"Chaque avancée de l'Europe s'est faite à l'occasion d'une crise. Plus celle-ci était profonde, plus les progrès de la construction européenne ont été importants. Alors, aujourd'hui, il y a toutes les raisons d'espérer… Compte tenu de la violence du choc actuel, l'Europe s'apprête à faire un grand bond en avant !" Développée il y a quelques jours devant un parterre de patrons français et allemands, l'analyse de Joschka Fischer, l'ancien ministre Vert des Affaires étrangères allemand, pourrait porter à l'optimisme.

Il n'y a pourtant point de fatalité en ce domaine. La crise de l'Europe est grave, la plus grave depuis la fin de la seconde guerre mondiale. Elle est économique et sociale – la récession menace, mais pas seulement. Elle est profondément politique, ce dont témoignent les mouvements de défiance, voire de révolte, qui s'expriment régulièrement sur le "Vieux" Continent. Cette crise de la dette peut conduire l'Europe au chaos.

Face à cette menace, les négociations engagées depuis des mois entre Paris et Berlin d'abord, avec les autres pays de la zone euro puis de l'Union ensuite, ont quelque chose de pitoyable. On multiplie tête-à-tête, parties de bras de fer et sommets, on tergiverse, on mégote, on reporte… On va parvenir, sans doute (il ne faut pas braquer les marchés !), ce 26 octobre à Bruxelles, à un nouvel accord de la dernière chance, un énième compromis.

On aura rafistolé la maison – en imposant une sévère cure d'austérité à des peuples désemparés, en obligeant les prêteurs à renoncer à une partie de ce qui leur est dû, en exigeant une recapitalisation des banques, en augmentant aussi la capacité de la pompe à incendie. Avec tout cela, on n'aura pas éteint le feu. Et c'est là qu'il y a de quoi s'inquiéter.
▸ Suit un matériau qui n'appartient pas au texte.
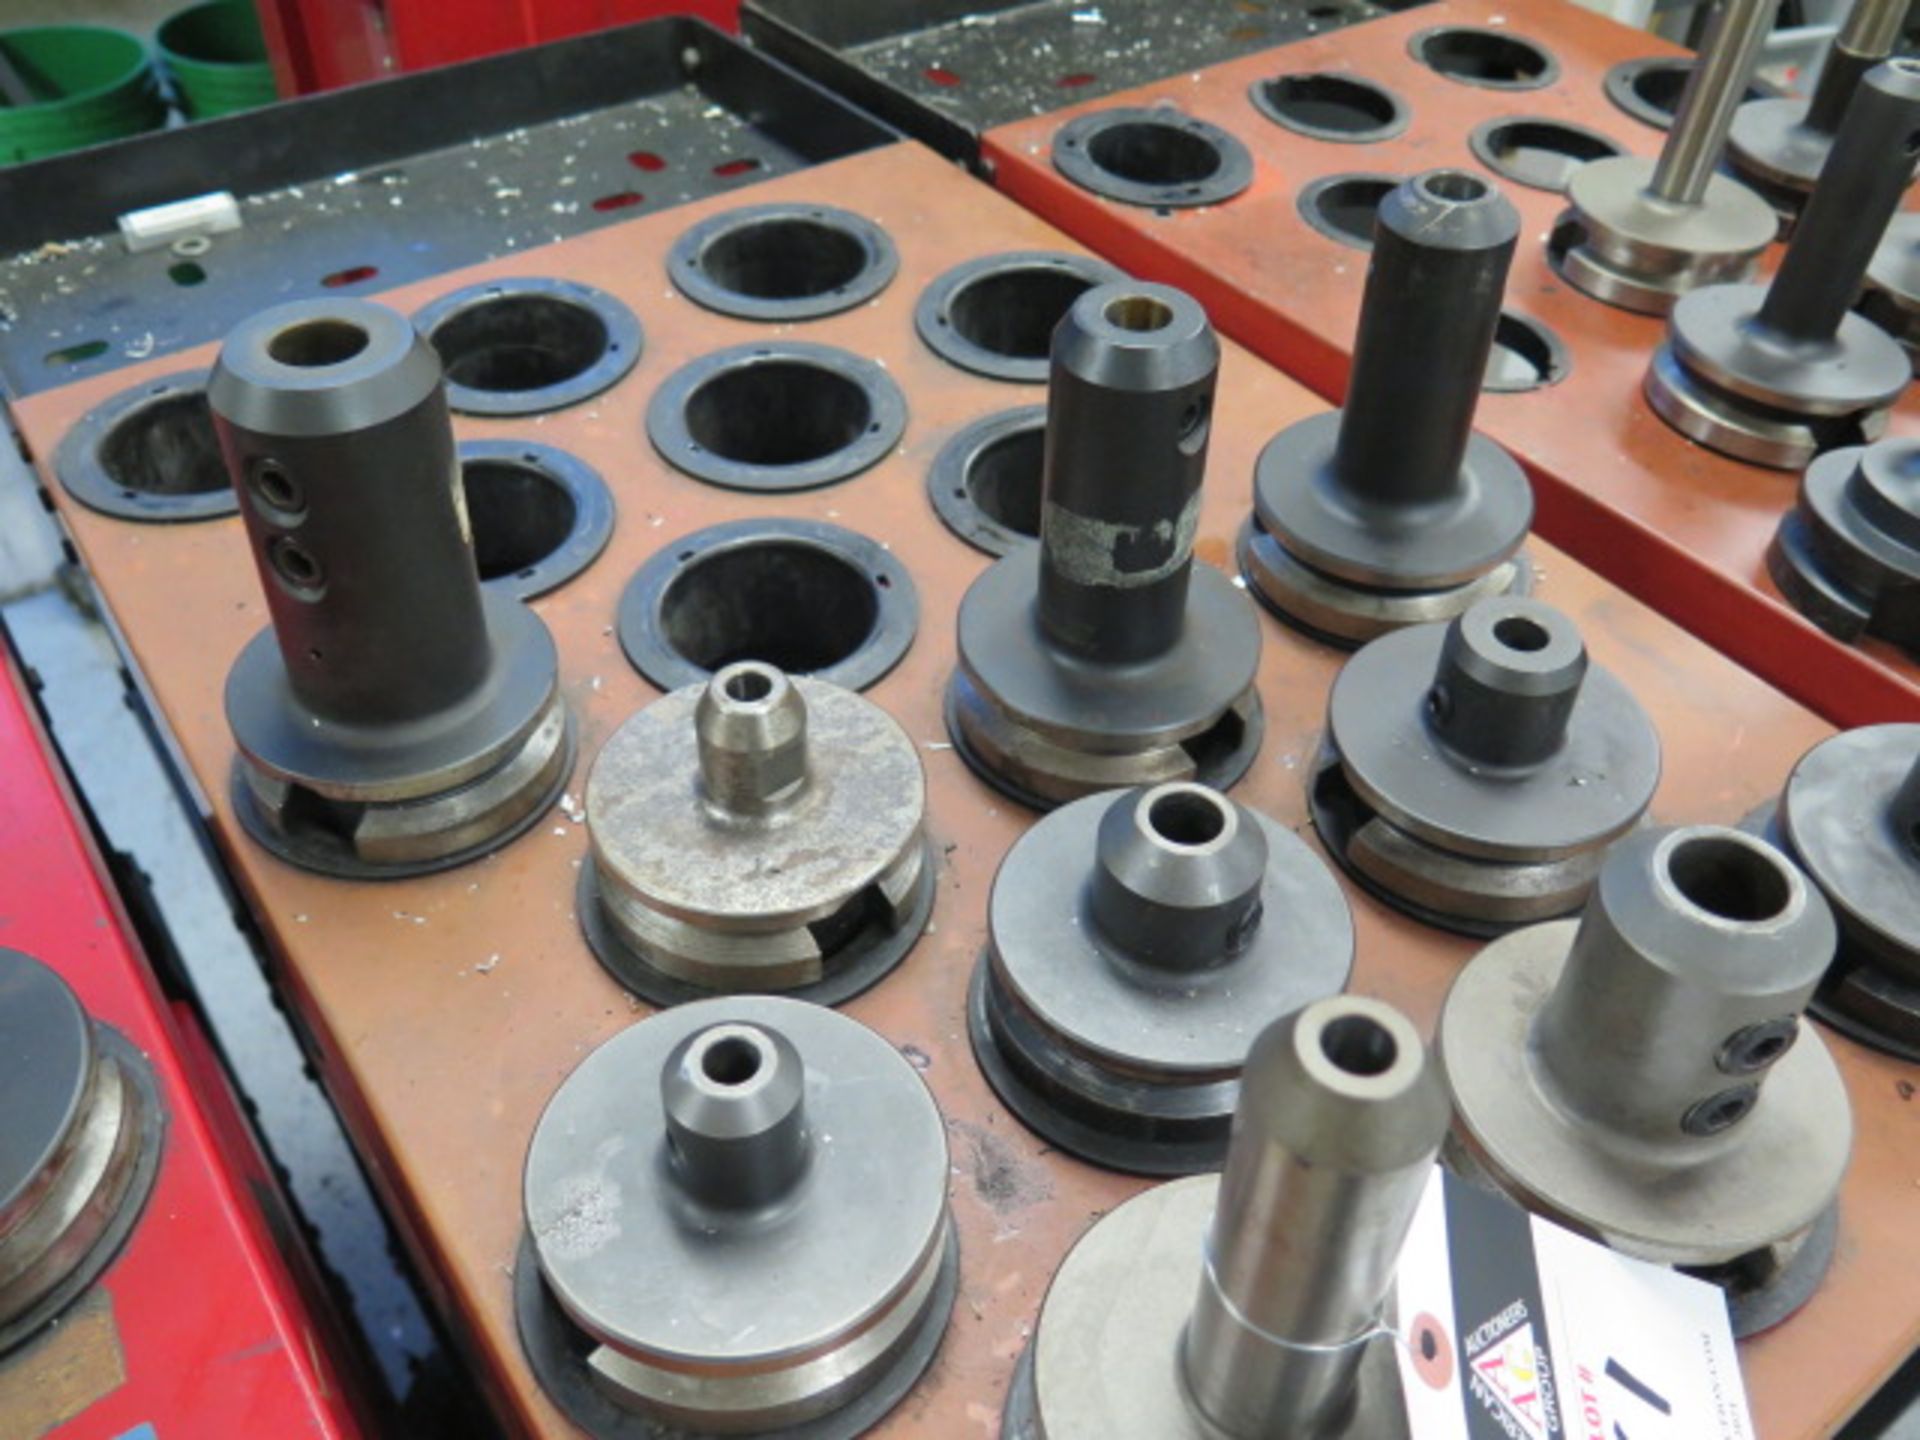 BT-50 Taper Tooling (10) (SOLD AS-IS - NO WARRANTY) (Located @ 2229 Ringwood Ave. San Jose) - Image 3 of 5

L'Europe a besoin d'un nouveau souffle et d'architectes volontaires et ambitieux. Il faut bien sûr, de toute urgence, sauver l'euro. Les pères de la monnaie unique l'avaient peut-être survendue à leurs opinions publiques, la présentant comme la clé absolue du bonheur. Ce qu'elle ne saurait être. Elle en est pourtant une condition.

Au-delà, c'est la manière dont l'Europe fonctionne, dont elle s'organise, c'est la solidarité qu'elle fait jouer entre ses membres qui doivent être reconsidérées. On l'oublie dans cette période où les difficultés de chacun favorisent les égoïsmes de tous : le monde qui se construit sera constitué de grands ensembles – autour des Etats-Unis et de la Chine, notamment.

Le feu est là. Il faut stopper l'incendie et commencer à reconstruire, dans le même temps, la maison. Il y a urgence.